▽

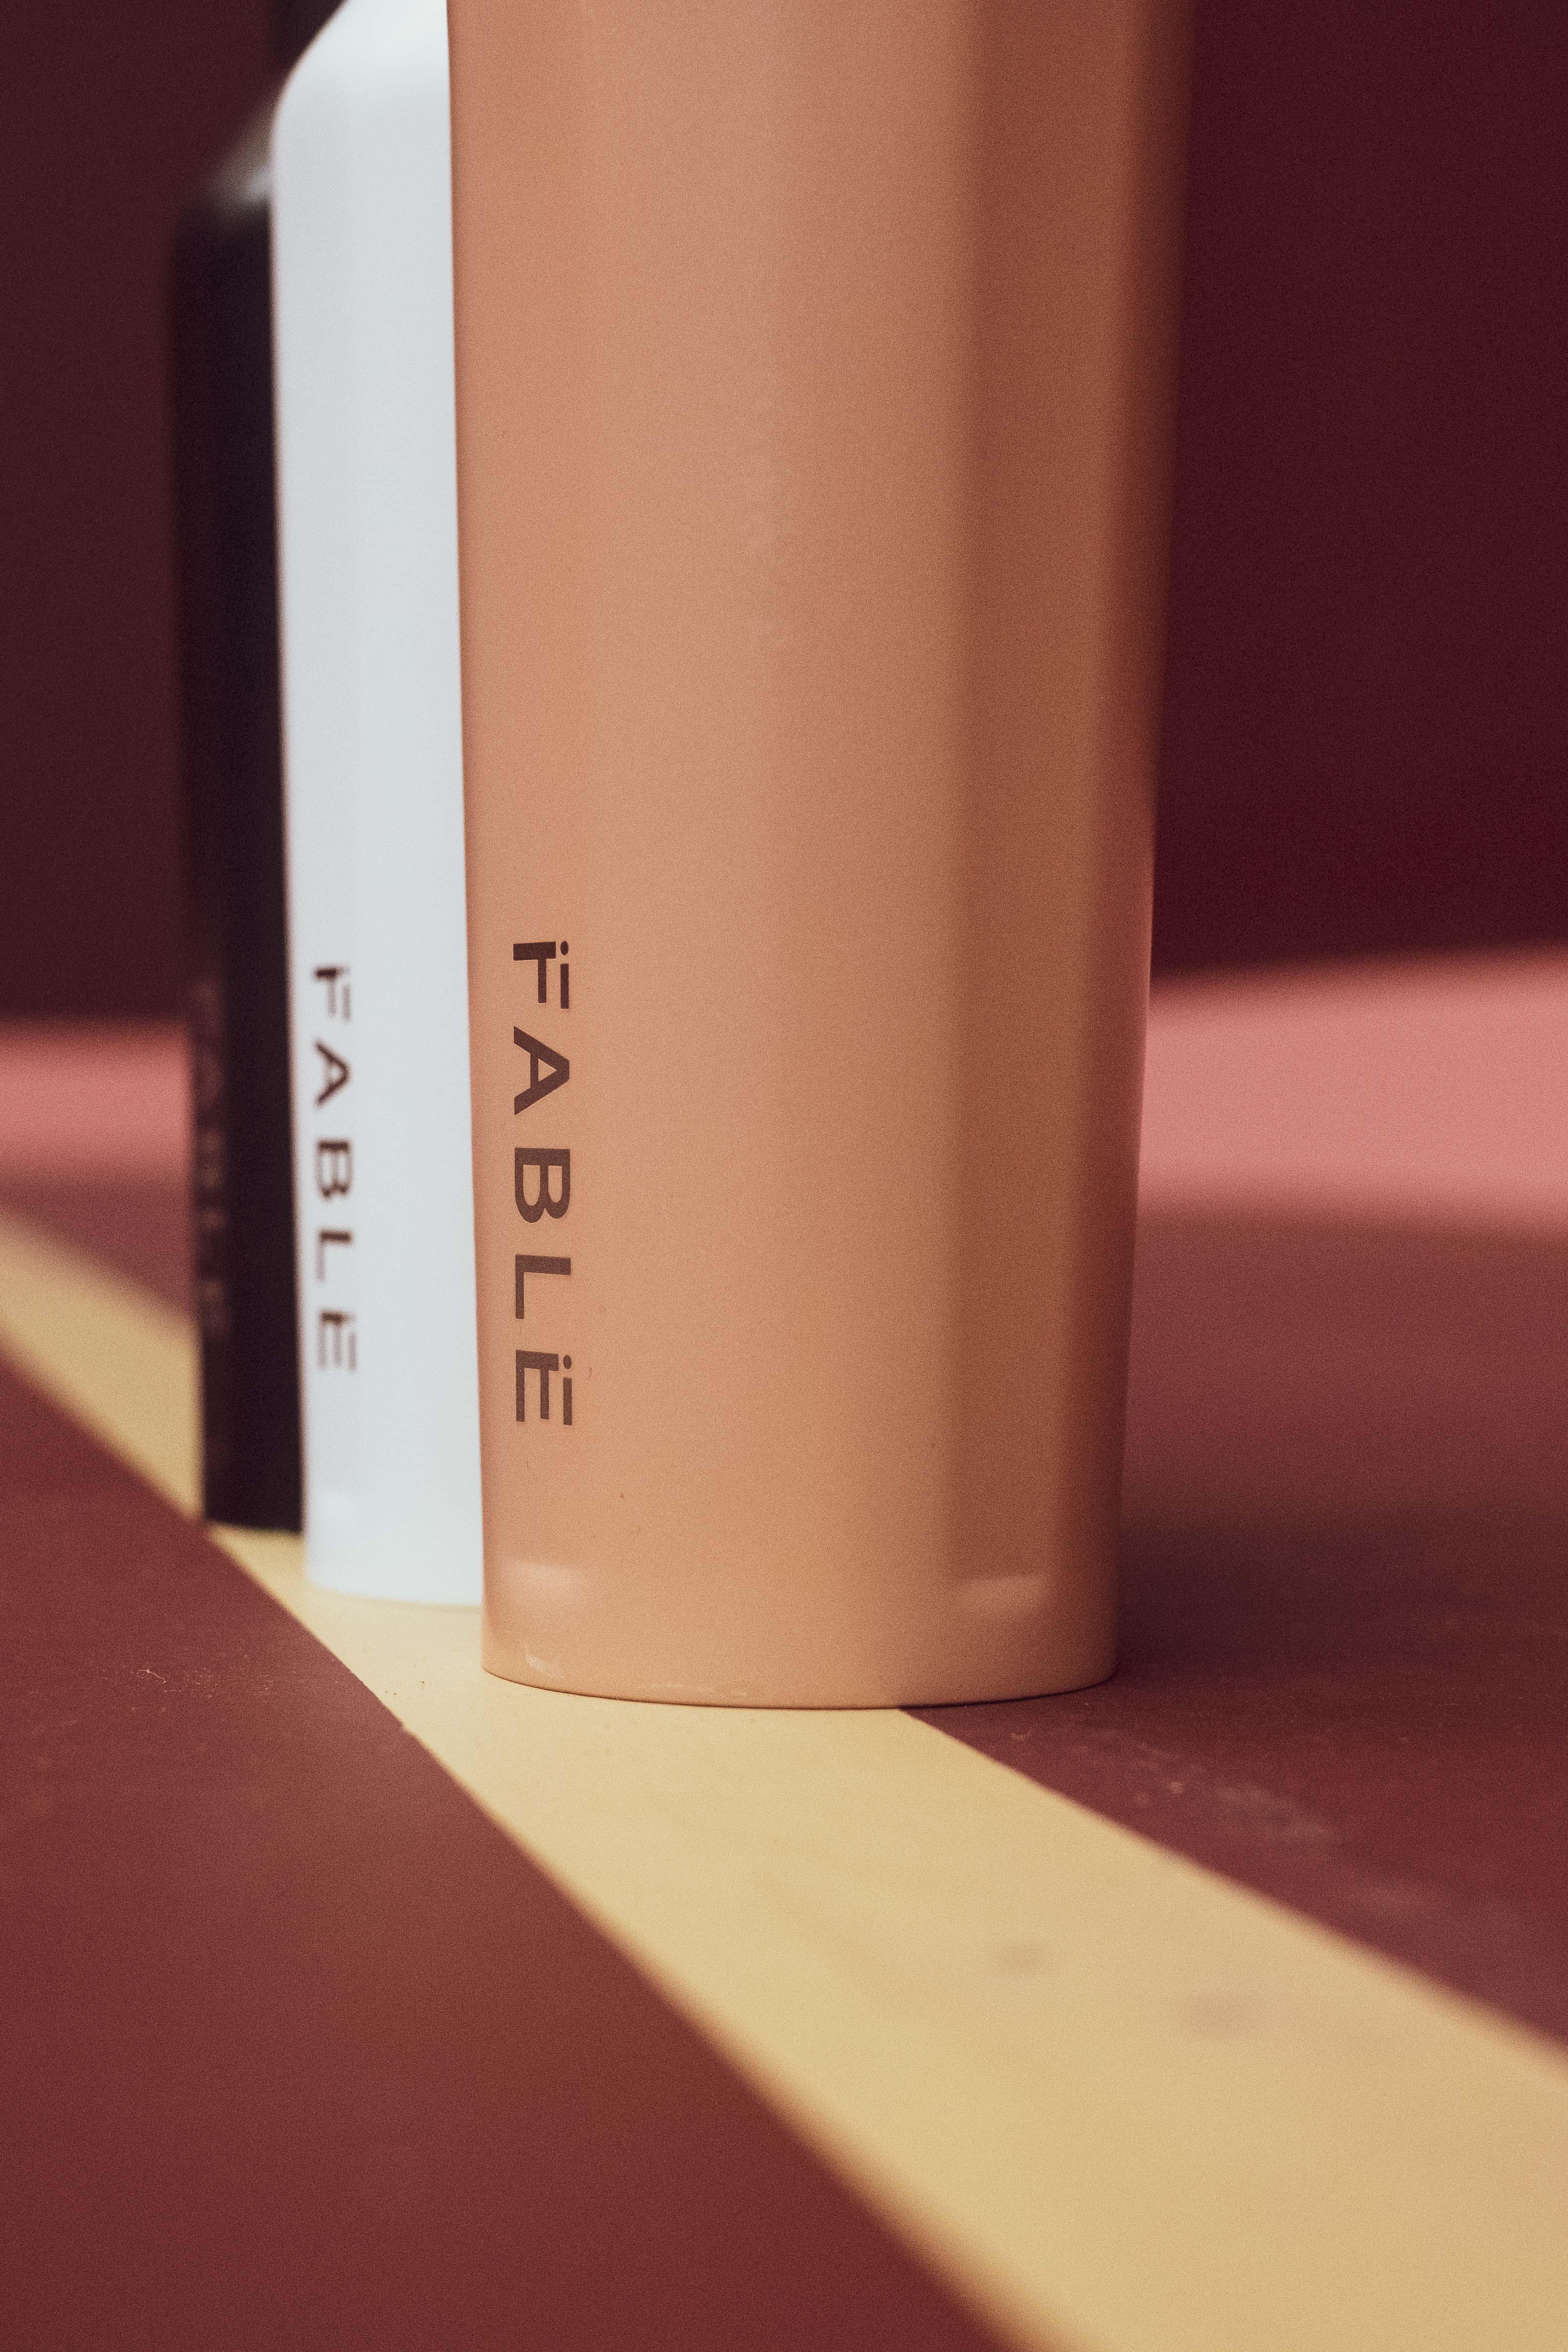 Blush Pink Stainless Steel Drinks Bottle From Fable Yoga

△
▽

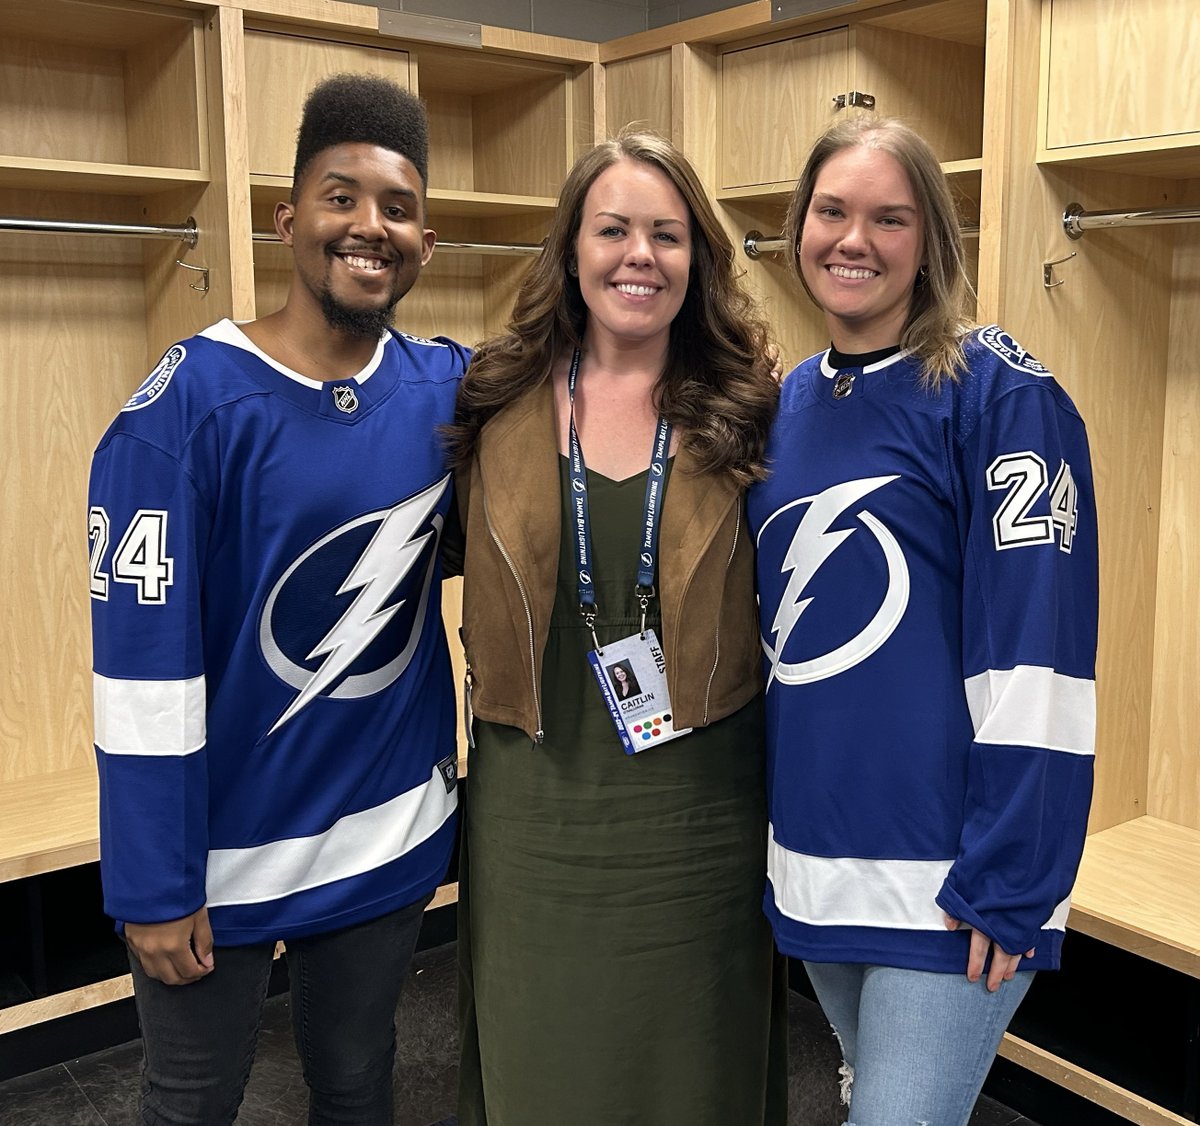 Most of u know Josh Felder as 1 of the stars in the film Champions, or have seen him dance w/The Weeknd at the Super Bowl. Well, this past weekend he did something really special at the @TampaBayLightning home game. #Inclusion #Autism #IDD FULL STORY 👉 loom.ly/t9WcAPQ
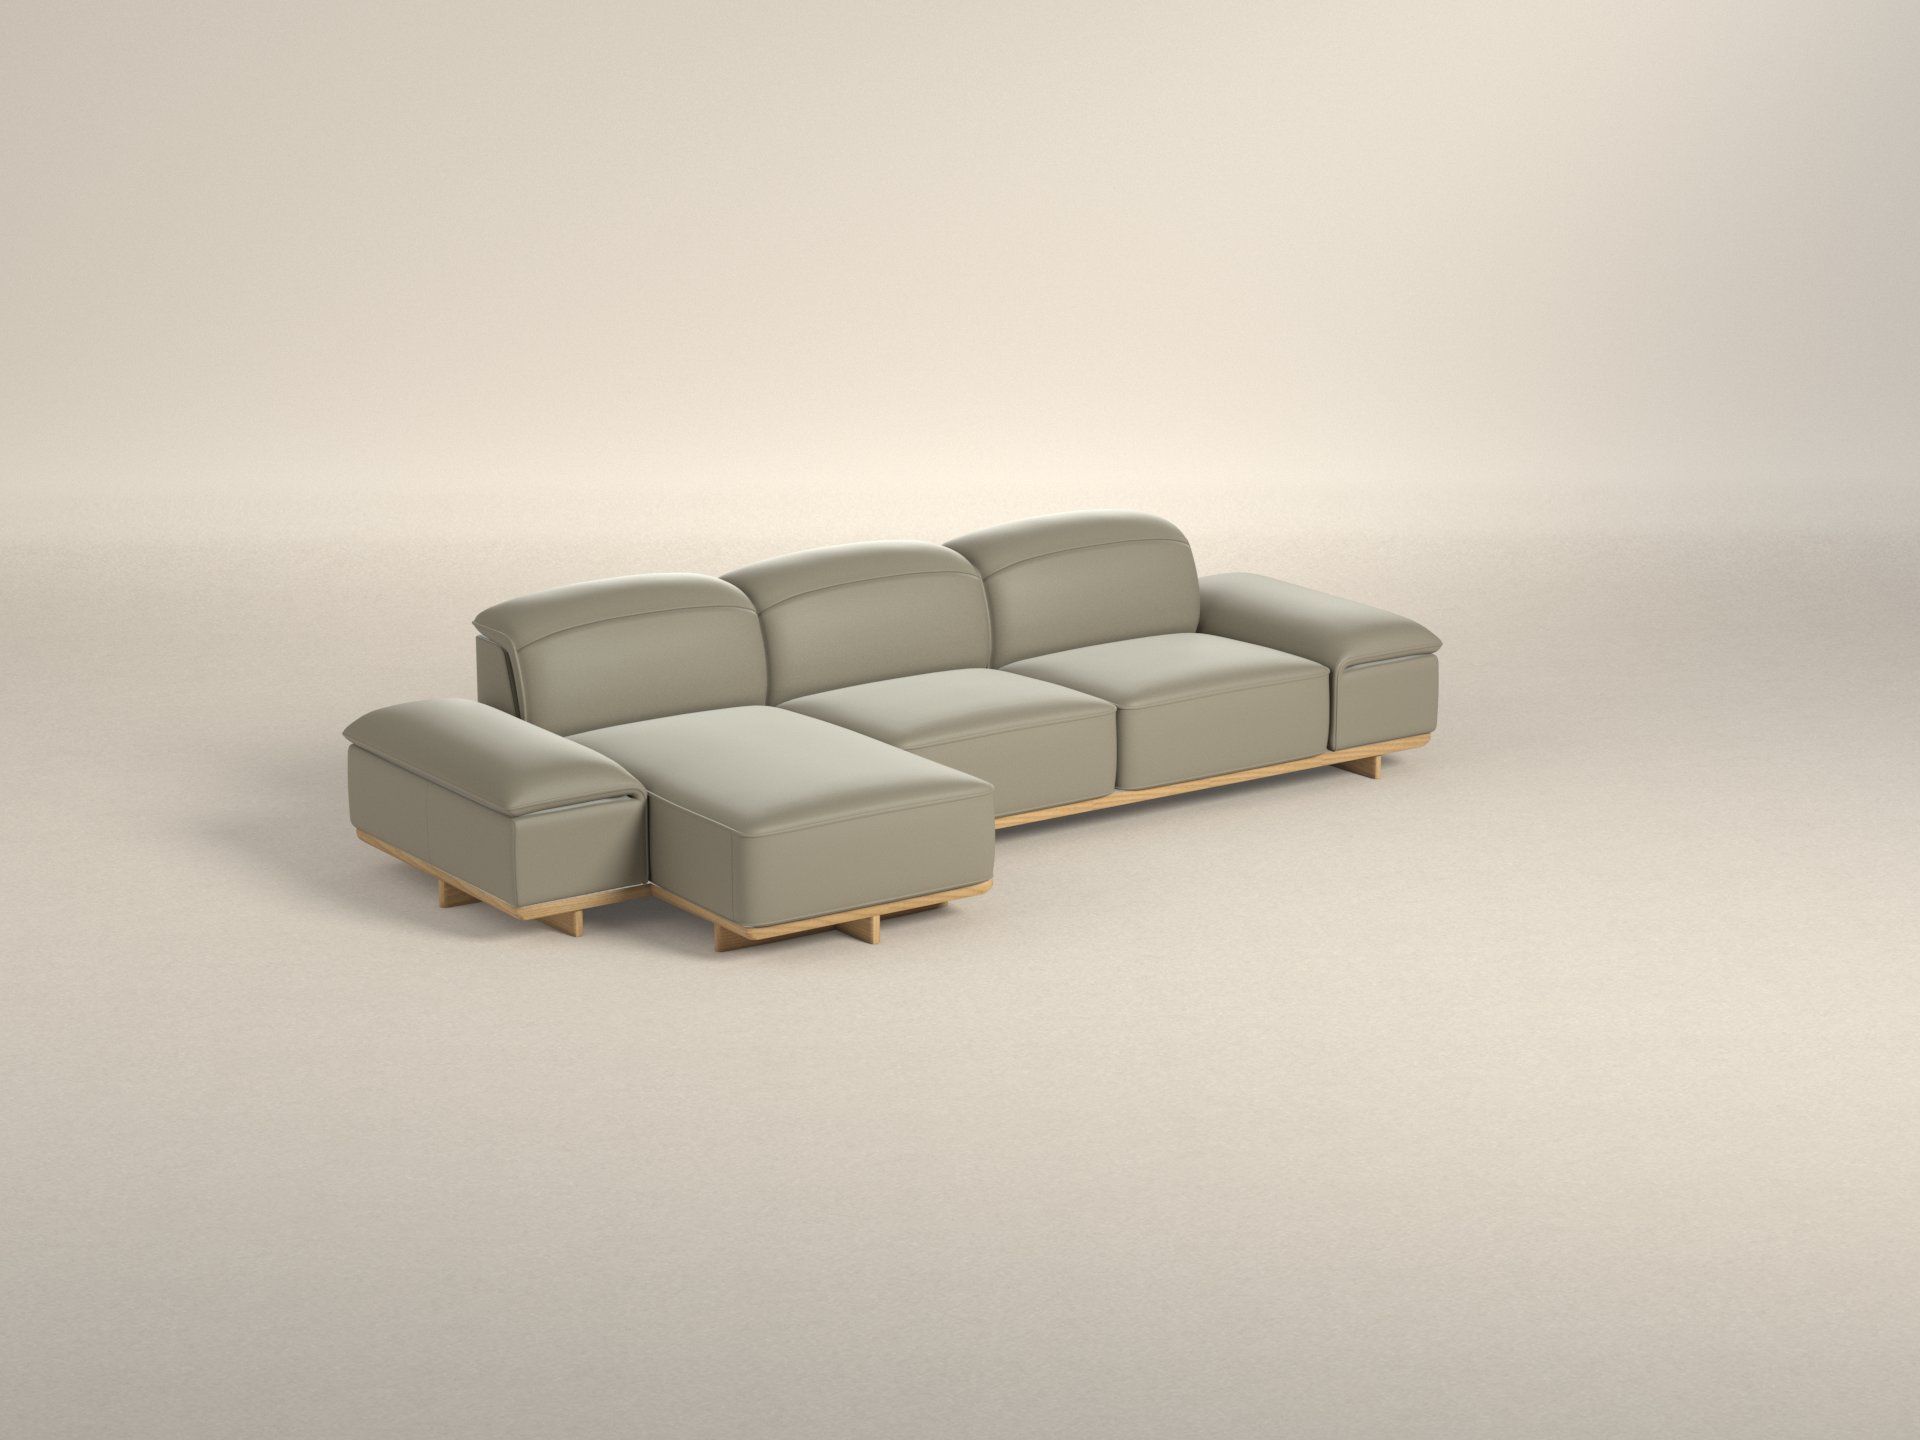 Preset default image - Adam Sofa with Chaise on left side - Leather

△
▽

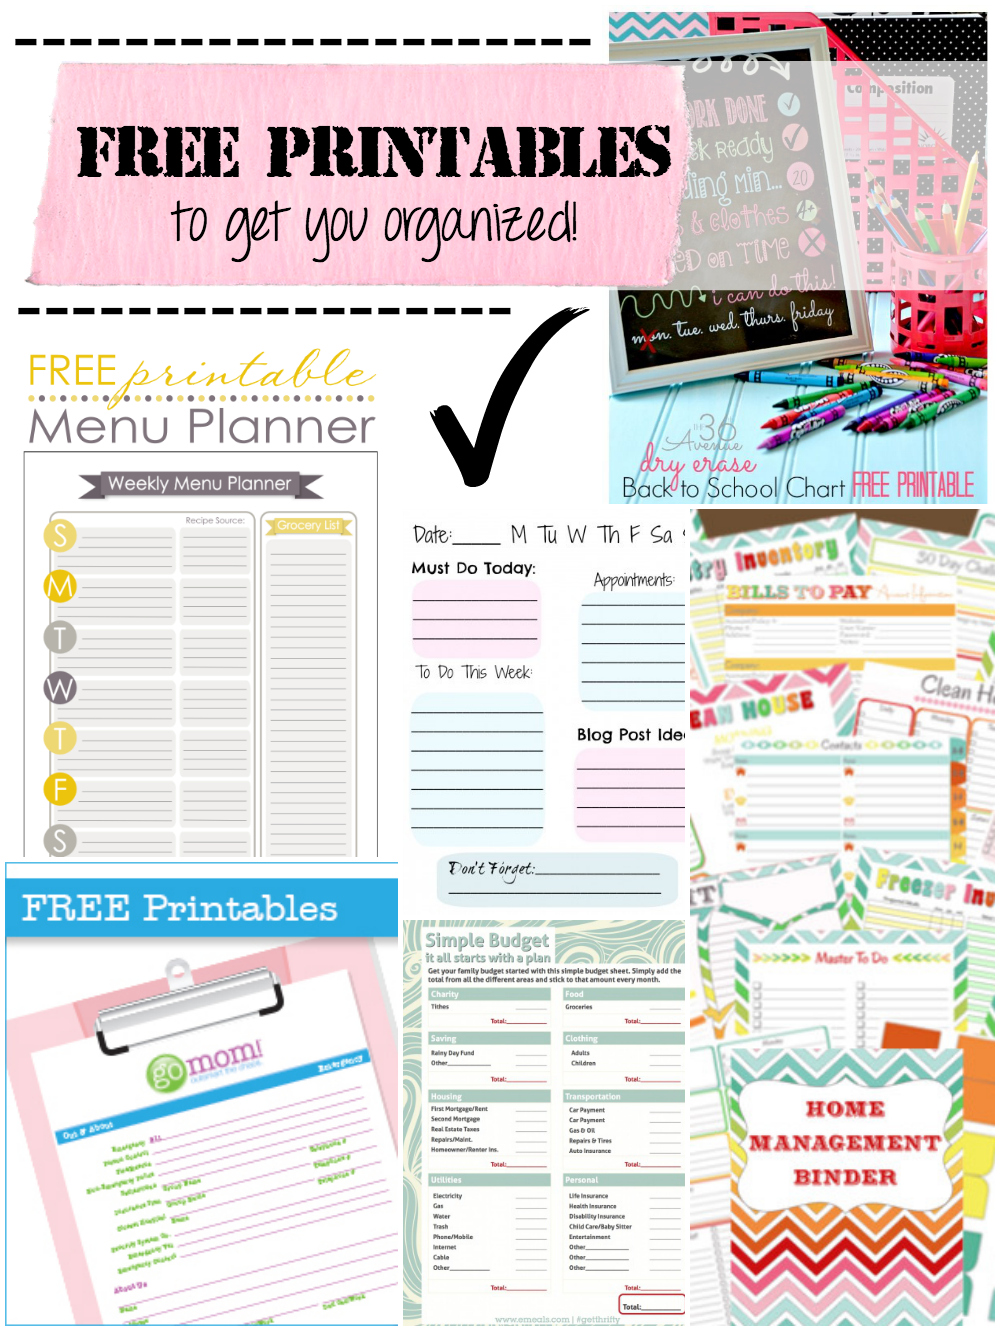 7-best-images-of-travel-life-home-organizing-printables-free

△

Work to be completed: Drop the pictures; return the lines above from the line containing "Most of u know" to the line containing "Preset default image", both included, exactly.

Expected answer:
 Most of u know Josh Felder as 1 of the stars in the film Champions, or have seen him dance w/The Weeknd at the Super Bowl. Well, this past weekend he did something really special at the @TampaBayLightning home game. #Inclusion #Autism #IDD FULL STORY 👉 loom.ly/t9WcAPQ
 Preset default image - Adam Sofa with Chaise on left side - Leather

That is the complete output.